物事の軽重を考えろ。外交も経済も憲法も、国民が住める国土が存続することが大前提だ。

◆此許(ここもと)、歯がゆくてなりません。

アメリカがシリアは化学兵器を保有している確証を得ているといって、武力攻撃を正当化しようとしてますが、

それが愚の骨頂であることは、前回書きました。イラク戦争と全く同じです。

2013.08.30「シリア化学兵器で新証拠公表へ=米」←たとえ、それが本当でも米国が勝手に武力行使をすることは違法です。



安倍政権が、憲法解釈を変えて、集団的自衛権の行使を合憲にしようとしています。

私は、今までに181回、それはまかりならぬと書きました。
私の日記を「集団的自衛権」で検索した結果です。

無名な市井の一市民の悲しさ。私が10年前から言ってる(アメリカの武力行使とか、集団的自衛権)とか、

全然見向きもされなかったのに、

今頃になって、特に「有名人」が得意気にあたかも、自説・新説のようにTweetするとそちらのほうが読まれる。

何だかバカバカしくなります。

そして、福島第一原発事故。
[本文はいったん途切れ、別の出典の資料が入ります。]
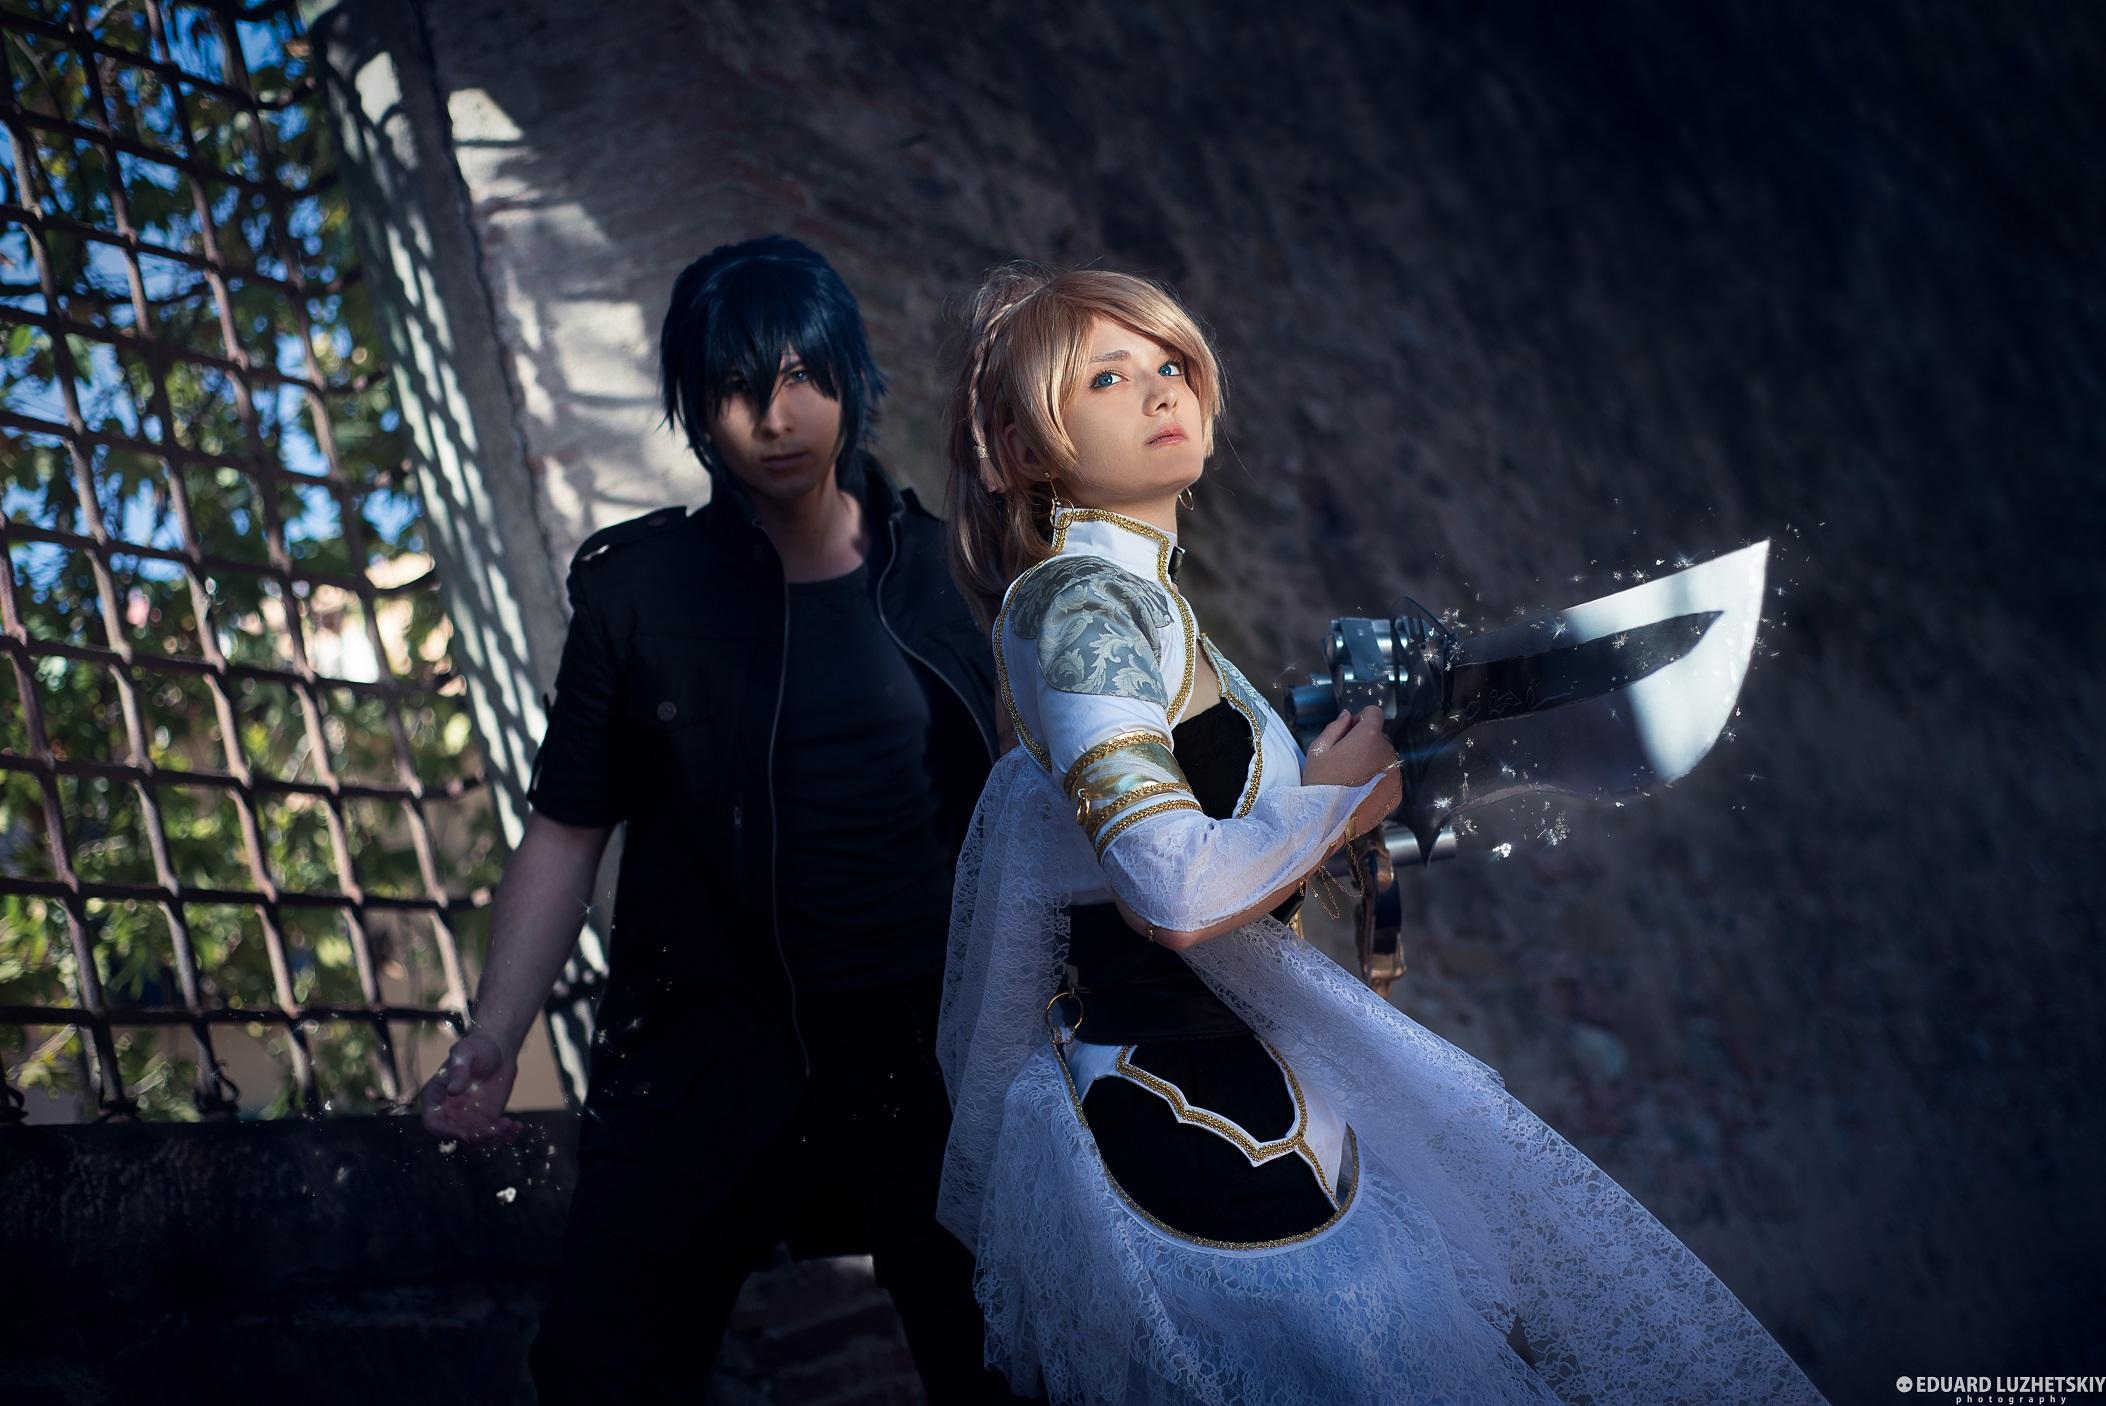 Final Fantasy Xv Noctis And Luna By Eduardluzhetskiy On Deviantart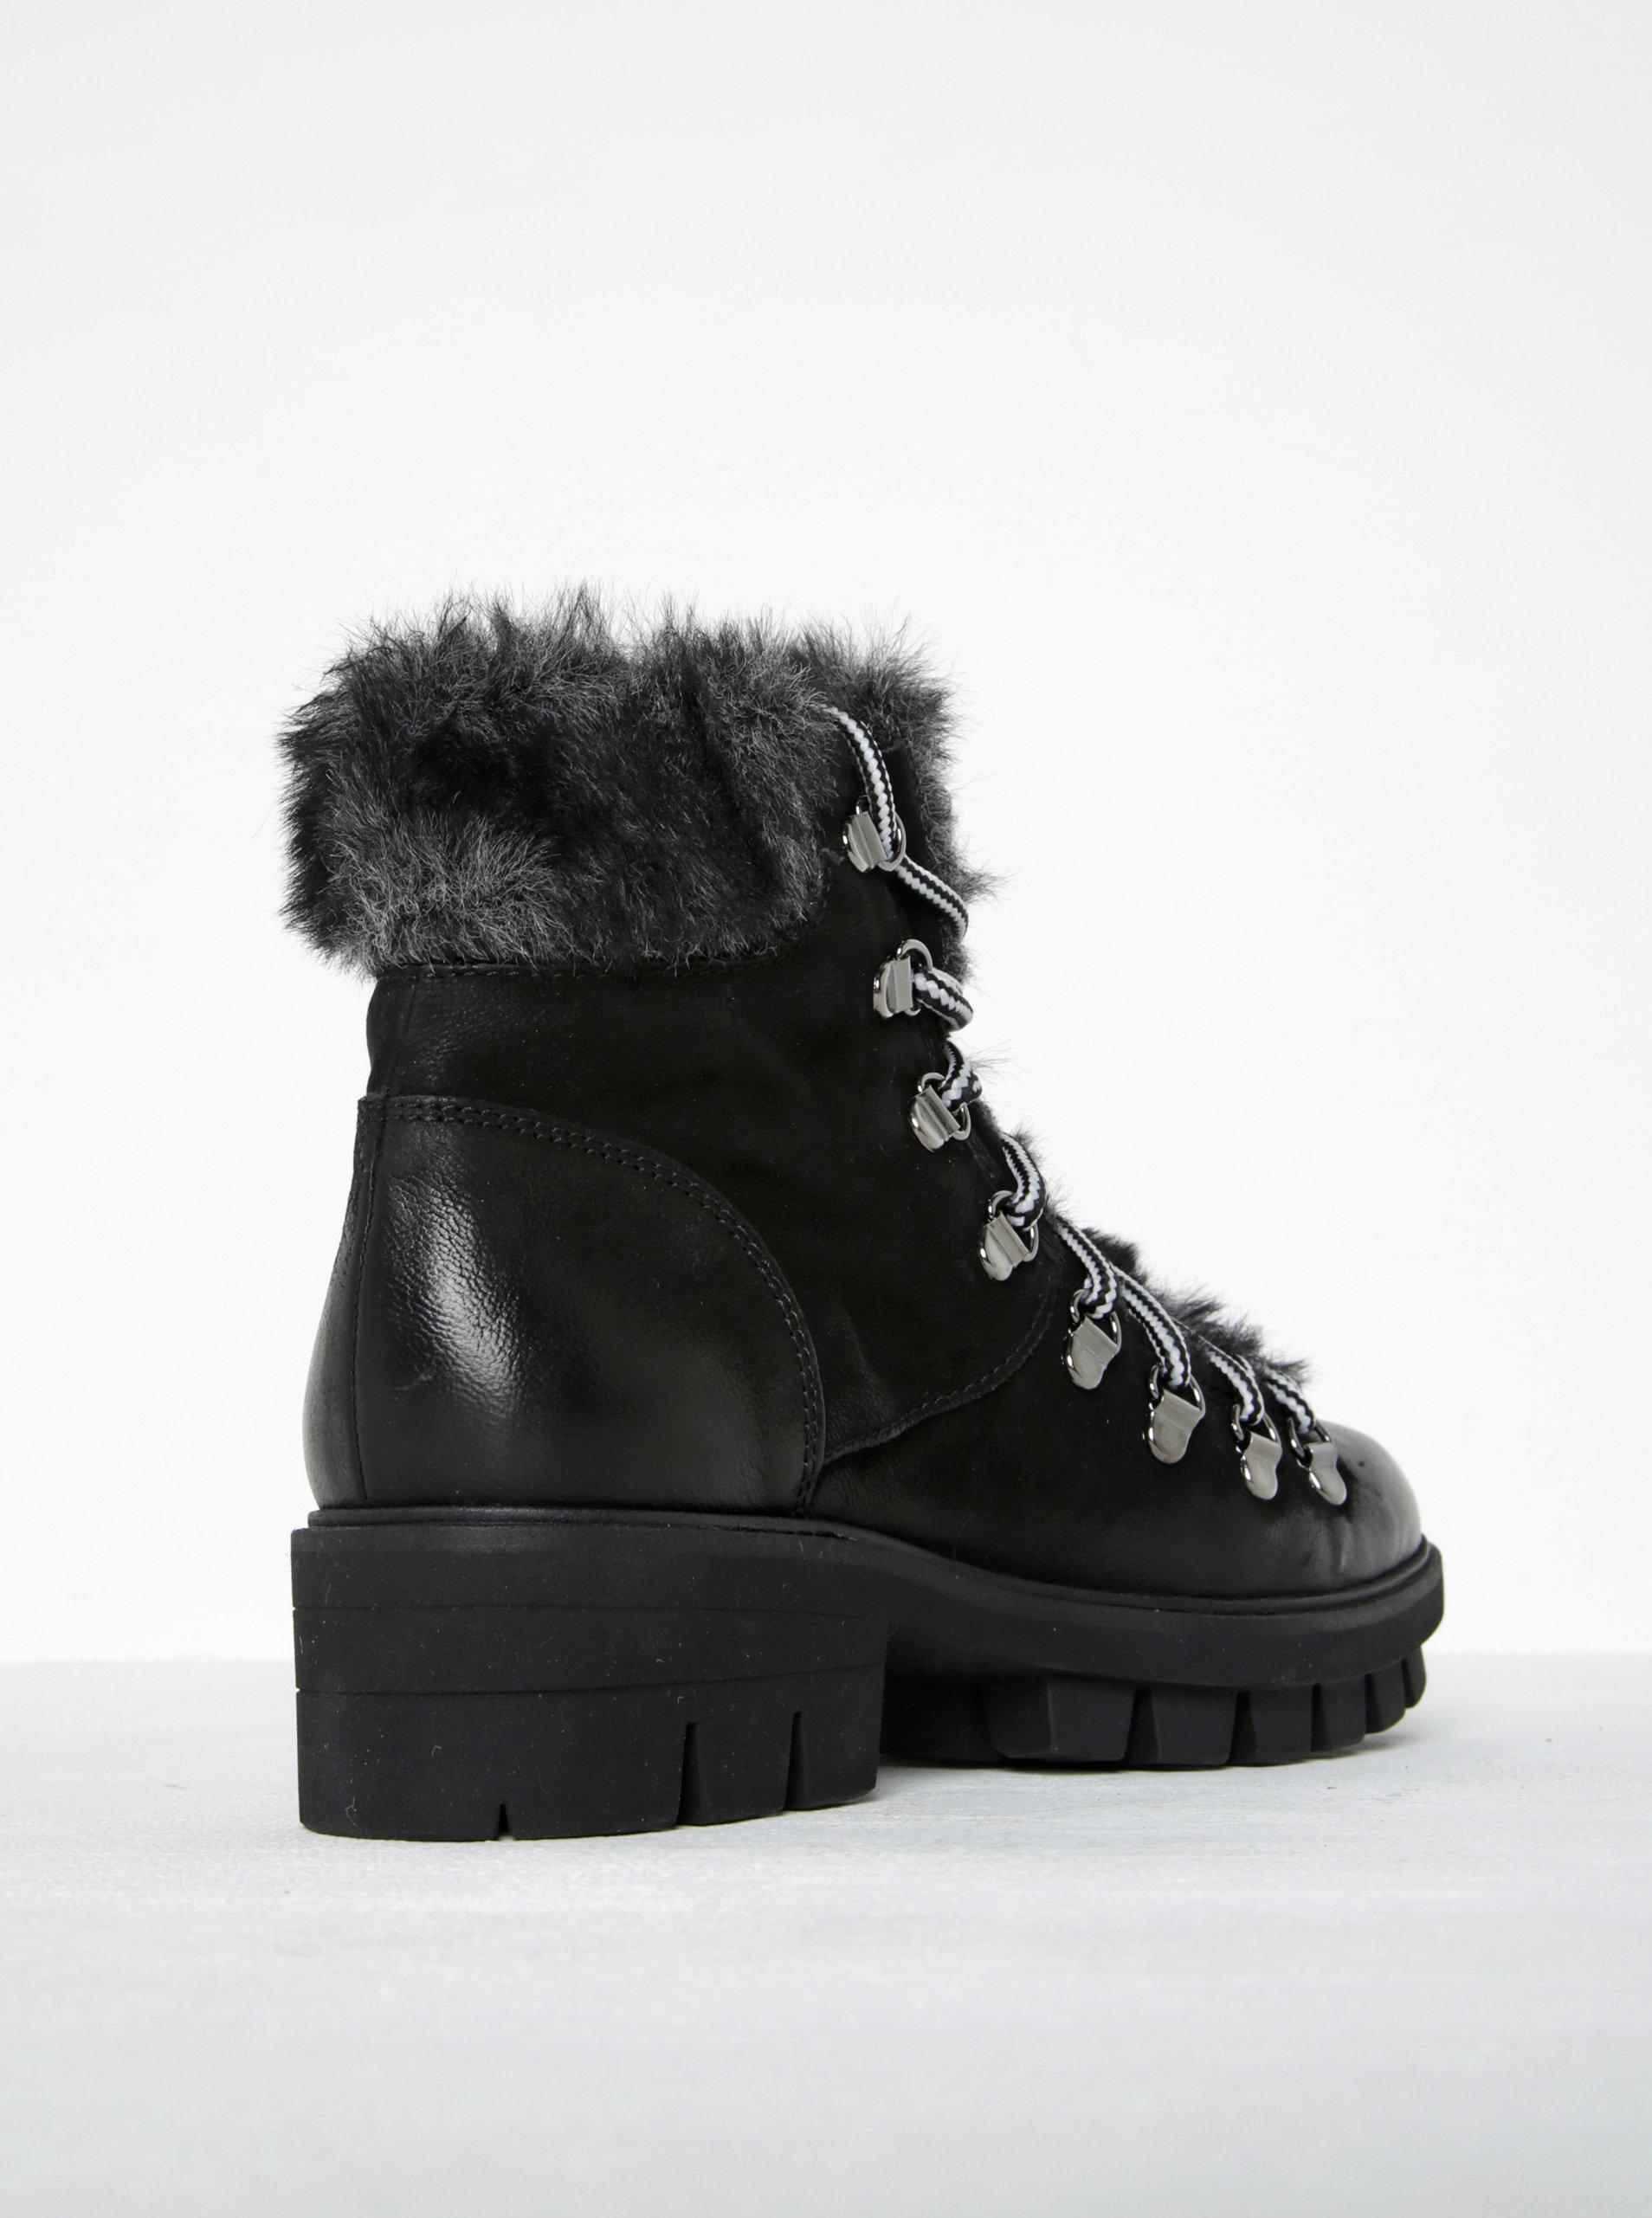 2ad19154b7 Čierne kožené členkové topánky s umelou kožušinou Tamaris ...

消費税も物価も外交も憲法も、それらを議論する上での大前提は安全な国土の存続です。

それも前から言ってます。
2013.08.12「経済や社会保障を論ずる大前提は国民が安全の居住出来る国土・・・。」←NHK「解説委員スタジアム」で読まれました。

今頃になって、Twitterなんかでチマチマ発言しても仕方が無い。


◆大騒ぎして、全世界を(福一処理に)巻き込め。

こうなったら、日本は国家非常事態を宣言して世界を巻き込むべきです。

今の状態が続いたら、日本は、猛烈な放射能汚染で人間が住める国土を失う。

猛烈な被曝環境だが、なんとかしないと、世界に汚染が拡がる、世界のあらゆる叡智の提案を求める、と

日本政府は、世界に向かって大声で叫ぶべきです。

このままでは、人類が無毒化する技術を持たない、放射能が世界中に広まる。

申し訳ないが、シリアも財政の健全化も憲法改正も、デフレもへったくれもない。

福島第一原発事故の処理以外の課題は全て後回しにする。

と喚き、世界を真っ青にすること。とりあえずは、そこから始まります。